Scholars have a name for the West’s interconnected canon of philosophy, history, and literature: the Great Conversation. It’s an enormous, fascinating body of work, and it’s reflected in an enormous, fascinating library: The 124-volume Classical Foundations Bundle.

That’s a lot of scholarship to take in, so let’s take a closer look at just three categories: ancient languages, literature, and philosophy.

1. Ancient languages: Liddell and Scott Greek–English Lexicon

This famous lexicon covers Greek from the eleventh century BC to the fifth century AD. It’s extremely detailed: each entry gives not only a definition, but also examples of irregular inflections and, most importantly, numerous quotations from classical sources to demonstrate usage. Of course, the same level of detail that makes LSJ such a treasure makes the print edition cumbersome: to get the most out of it, you have to flip between the main entries and the supplement, and then between LSJ and the primary sources.

Not so with Logos.

You’ll want it if you’re studying Homer and Hesiod. You’ll want it if you’re studying Plato and Aristotle. You’ll want it if you’re studying Paul or Chrysostom or Origen. For serious scholars of ancient Greek, LSJ is simply the most useful dictionary in the world.

On its own, LSJ costs $135; considering how much it adds to every ancient-Greek resource in your library, that’s a smart investment. But the Classical Foundations Bundle gives you an even better deal: you’ll get 123 more volumes across philosophy, history, and the classics, including many more reference works for both Greek and Latin.

2. Literature: Cervantes’ Don Quixote

You probably already know the plot of Don Quixote: the earnest Alonso Quijano, having read so many tales of knighthood and chivalry, imagines himself to be a knight named Don Quixote; the loyal Sancho Panza joins him on his adventures, stealing every scene with his unassuming wit. You know it’s a classic.

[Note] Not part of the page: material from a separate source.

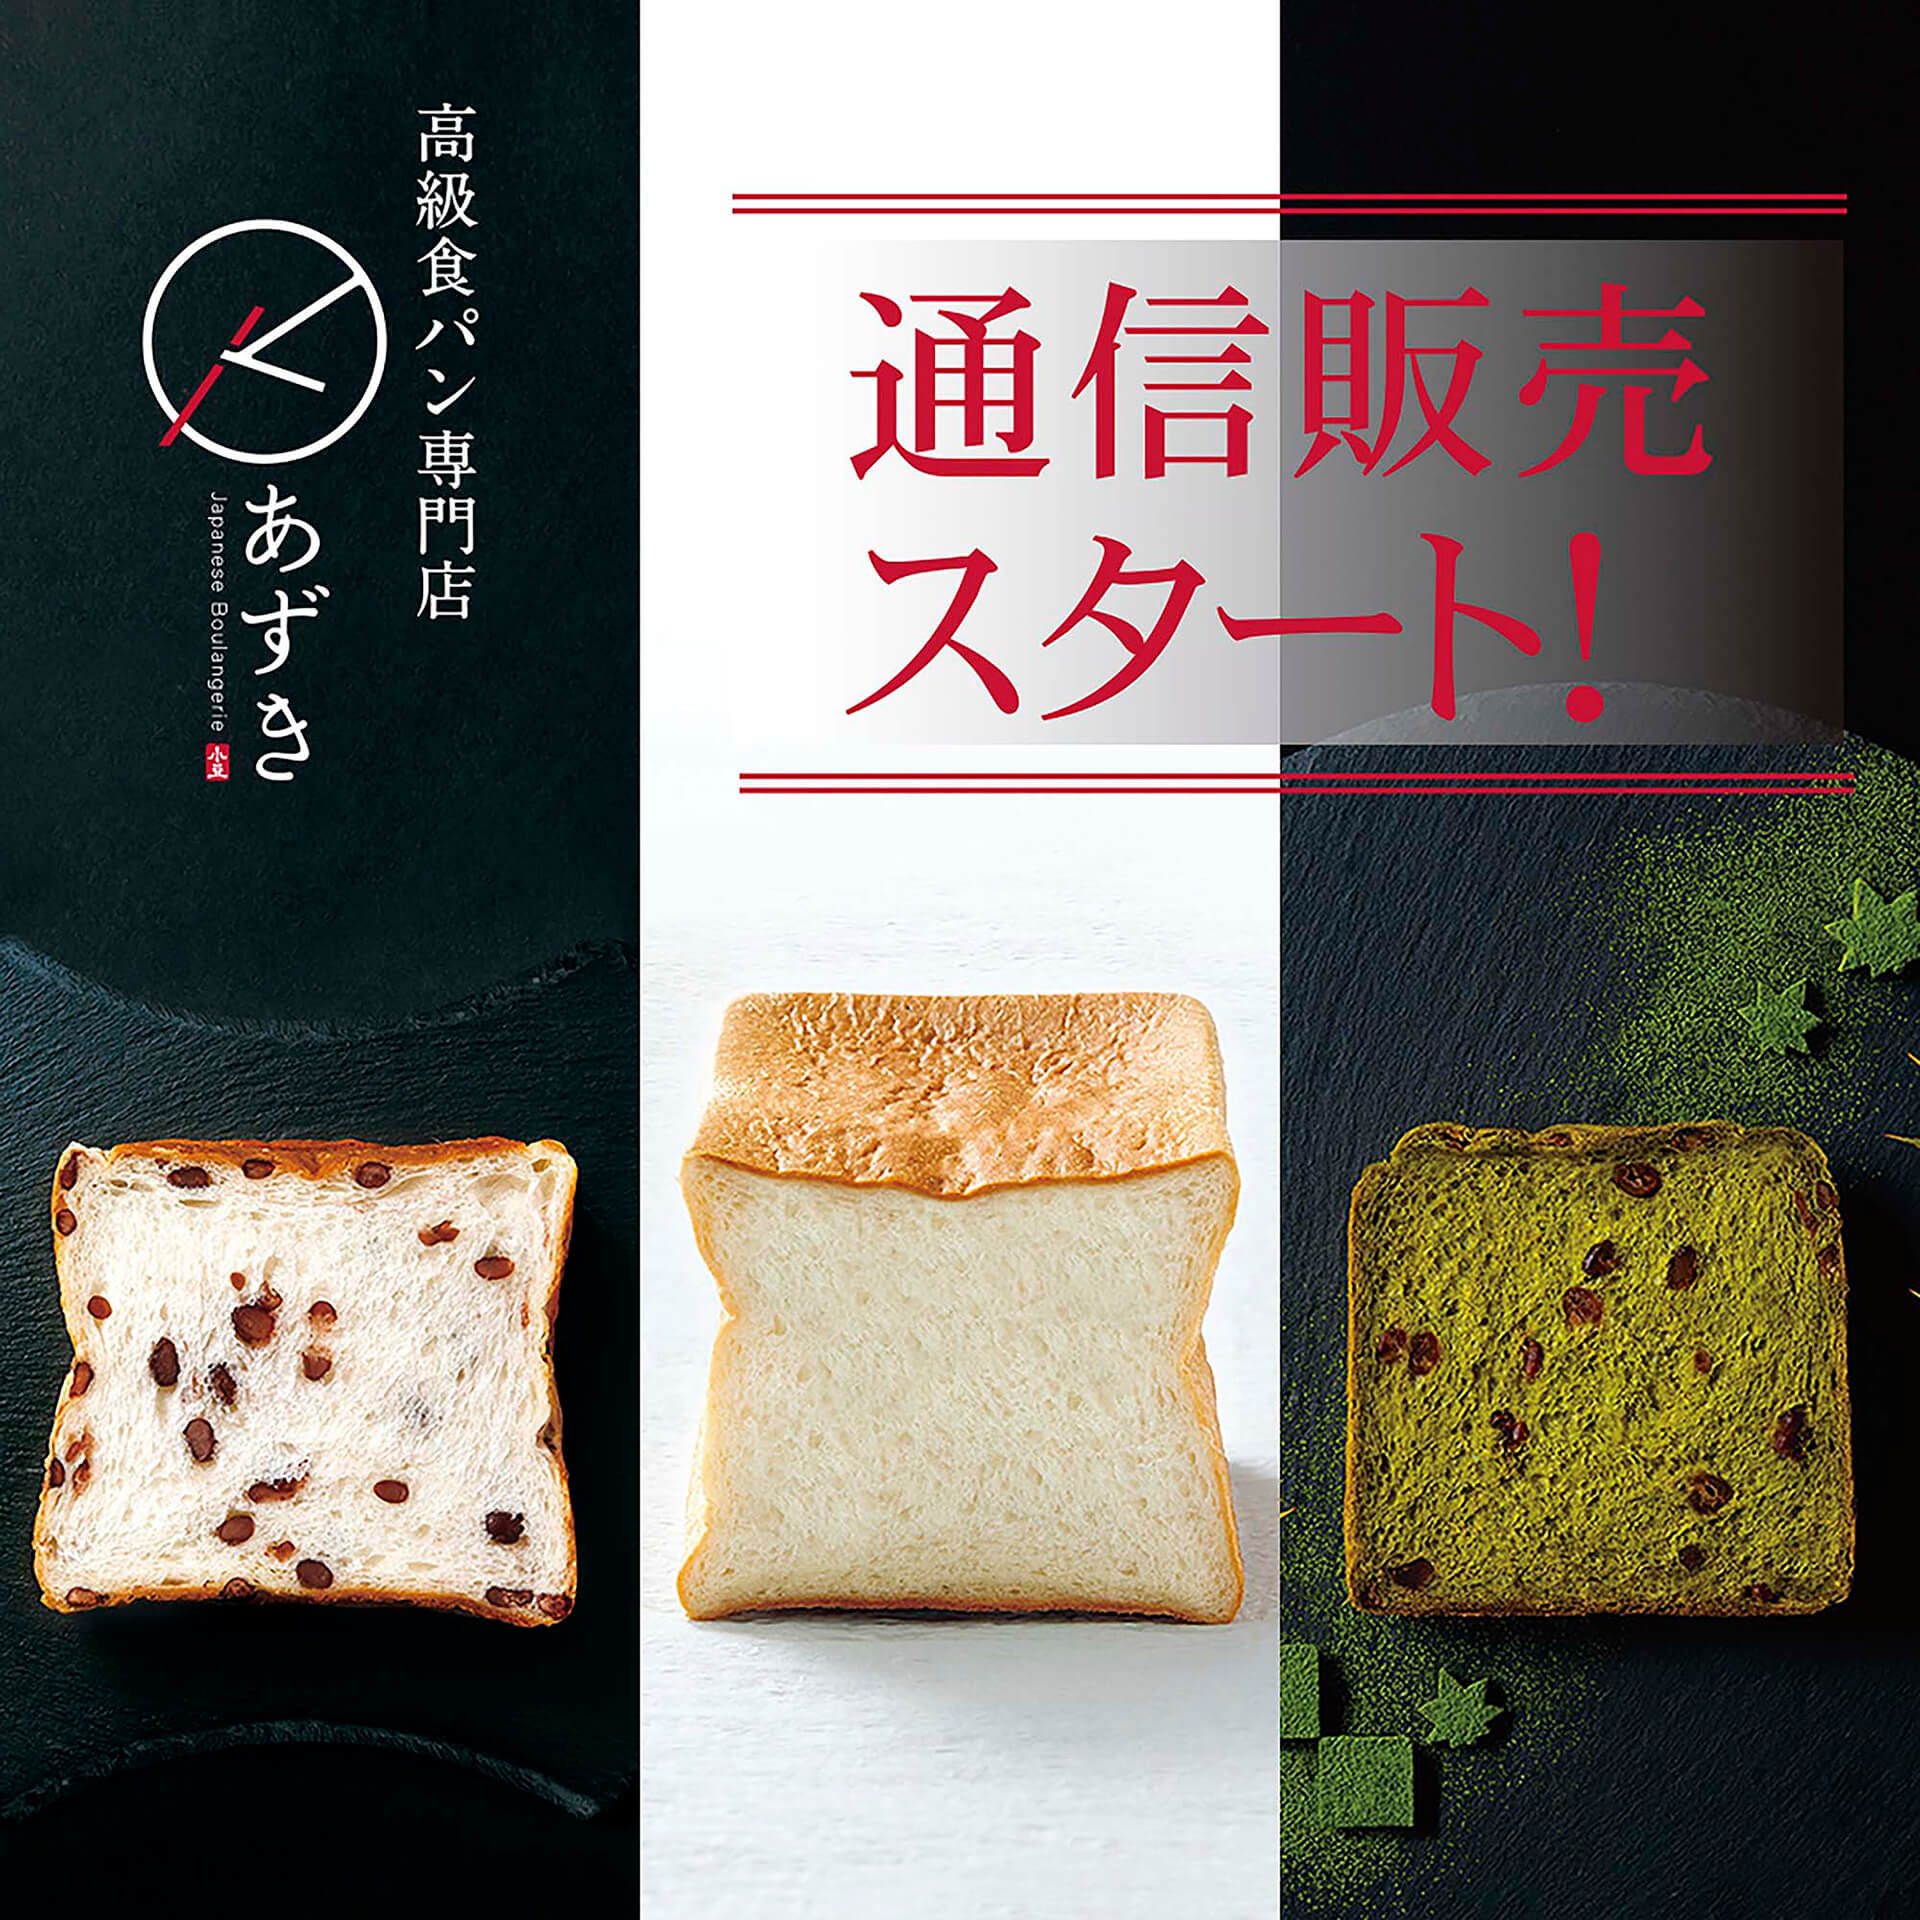 高級食パン専門店『あずき』通信バナー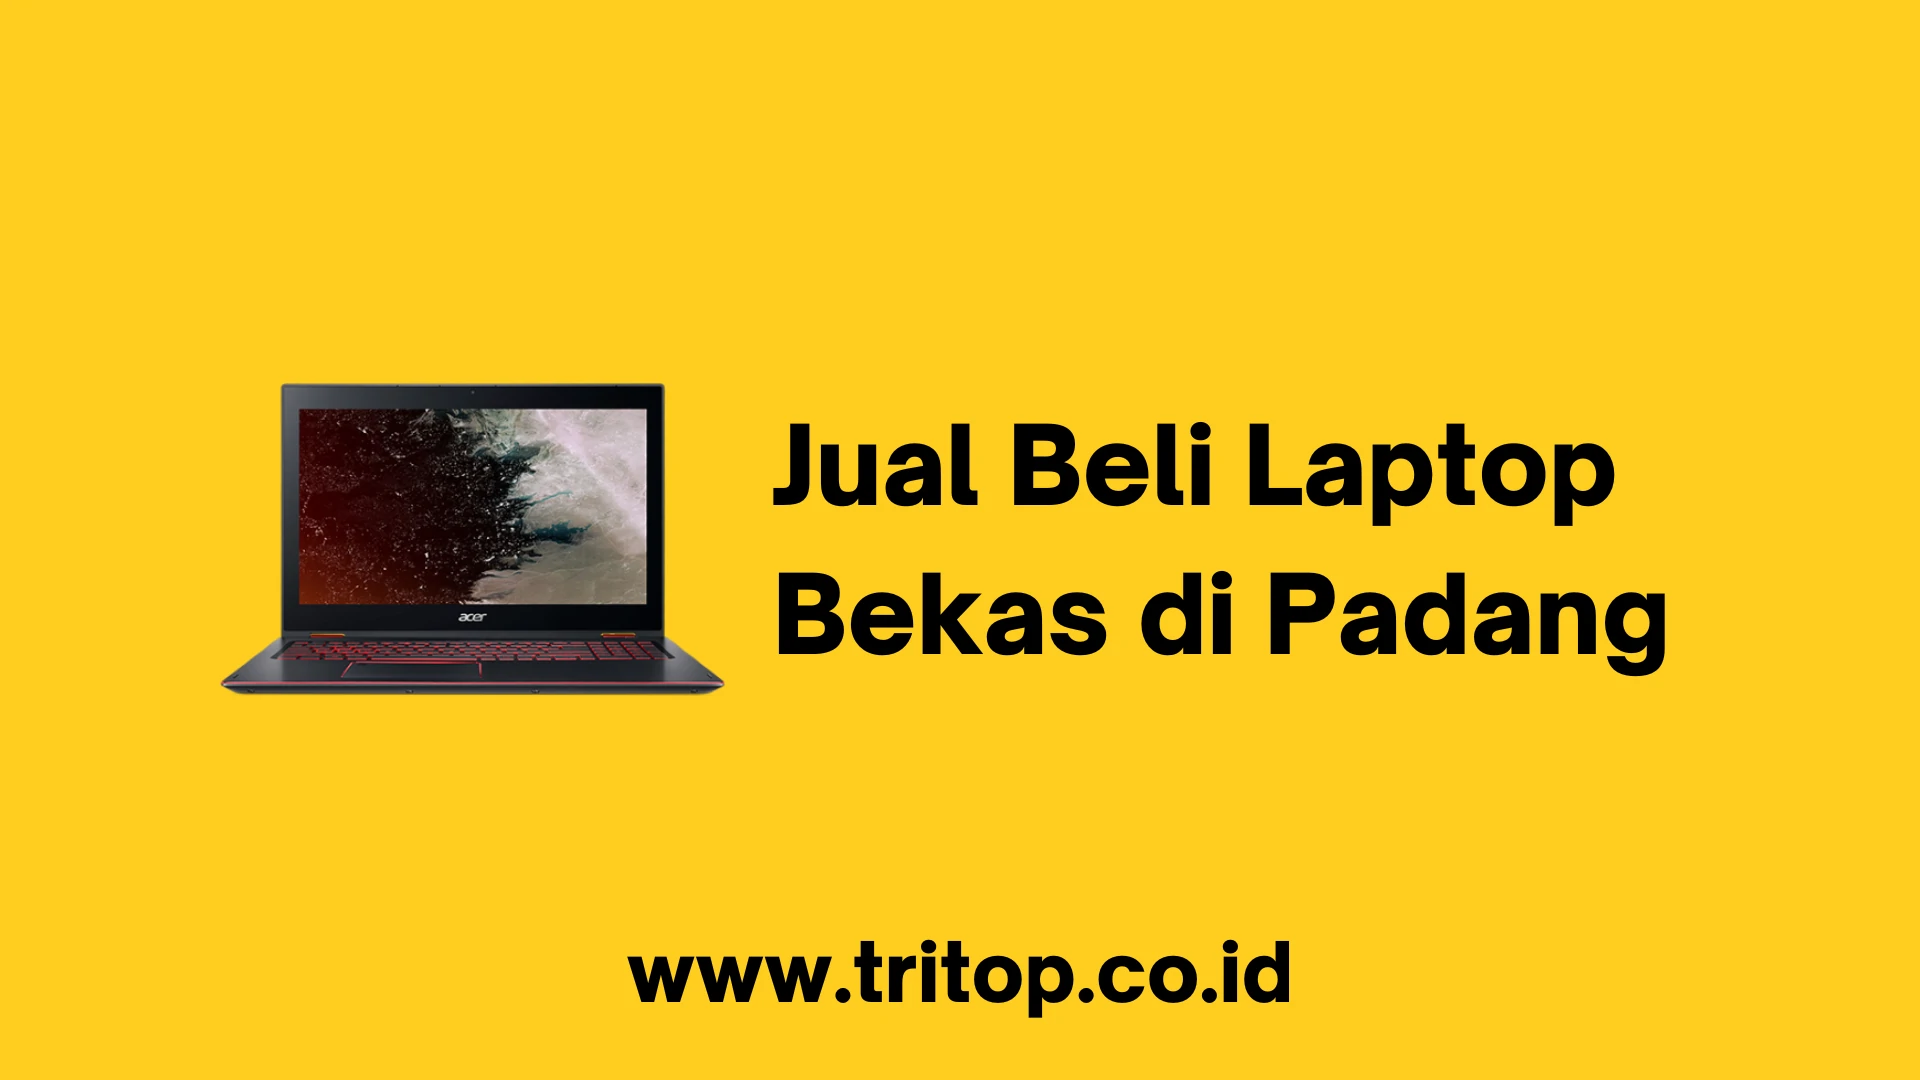 Jual Beli Laptop Bekas di Padang

What you may not know is how interesting it is.

For one thing, it was arguably the first novel: though several works compete for the title, the Quixote’s formal innovation is undeniable and tremendous. For another thing, it’s shot through with the most modern literary characteristic of them all: irony, the perceptible gap between what’s stated and what’s implied. (We all know Don Quixote isn’t the knight he thinks he is.) Quixote’s susceptibility to stories implicates all of us who find ourselves buying into shared narratives and allowing ourselves to be guided by them—in that sense, the story is subversive to the powers of epic and propaganda. It’s also just as meta as the twentieth century’s metafiction: in the sixth chapter of book 1, for example, a barber inspects Quixote’s library and comes across Cervantes’ own Galatea, which, he concludes, “has [only] some good invention in it” and “presents us with something but brings nothing to a conclusion.” In chapter 9, we learn (falsely) that the original Quixote itself was found in a heap of papers for sale, written entirely in Arabic. By the time we reach book 2 (not included in the Noet bundle), the protagonists have all read book 1.

It’s easy to read the great twentieth- and twenty-first-century novelists and conclude that only moderns could think this way. Don Quixote proves that assumption wrong, and it’s a sheer pleasure to read.

3. Philosophy: Immanuel Kant

Immanuel Kant is widely regarded as the greatest modern philosopher, so—whether or not you find merit in his conclusions—you’ll certainly want to be familiar with the broad strokes of his thought. Kant entered philosophy as a rationalist, in the mold of Descartes. Then Hume, the radical empiricist, “woke [him] from [his] dogmatic slumber,” leading him to start doubting the feasibility of working from subjective thought and perception to objective claims about the world. Truth, for Kant, conforms to the mind that thinks it: this makes him an important milestone in the postmodern turn toward the subjective.

It’s unsurprising, then, that Kant argues for God from intuition, not reason. “Two things fill the mind with ever new and increasing admiration and awe,” he writes: “the starry heavens above me and the moral law within me.” From that moral law follows the gap between how we are and how we know we should be; from reflection on that gap follows belief in God. But many of his theological conclusions are decidedly unorthodox—he’s widely thought of as advocating for self-salvation as opposed to atonement and divine grace; likewise, most Christians would object to his conclusion that truth is in the mind of the subject.

That’s one reason why he (like philosophy generally) is worth studying from a Christian perspective: if you’re going to make convincing arguments against these positions, you have to understand them. (Of course, there are lots of other good reasons to study philosophy.) The Classical Foundations Bundle gives you Kant’s most important works, along with the context within which he wrote—Descartes, Hume, and the other great works of the Western tradition.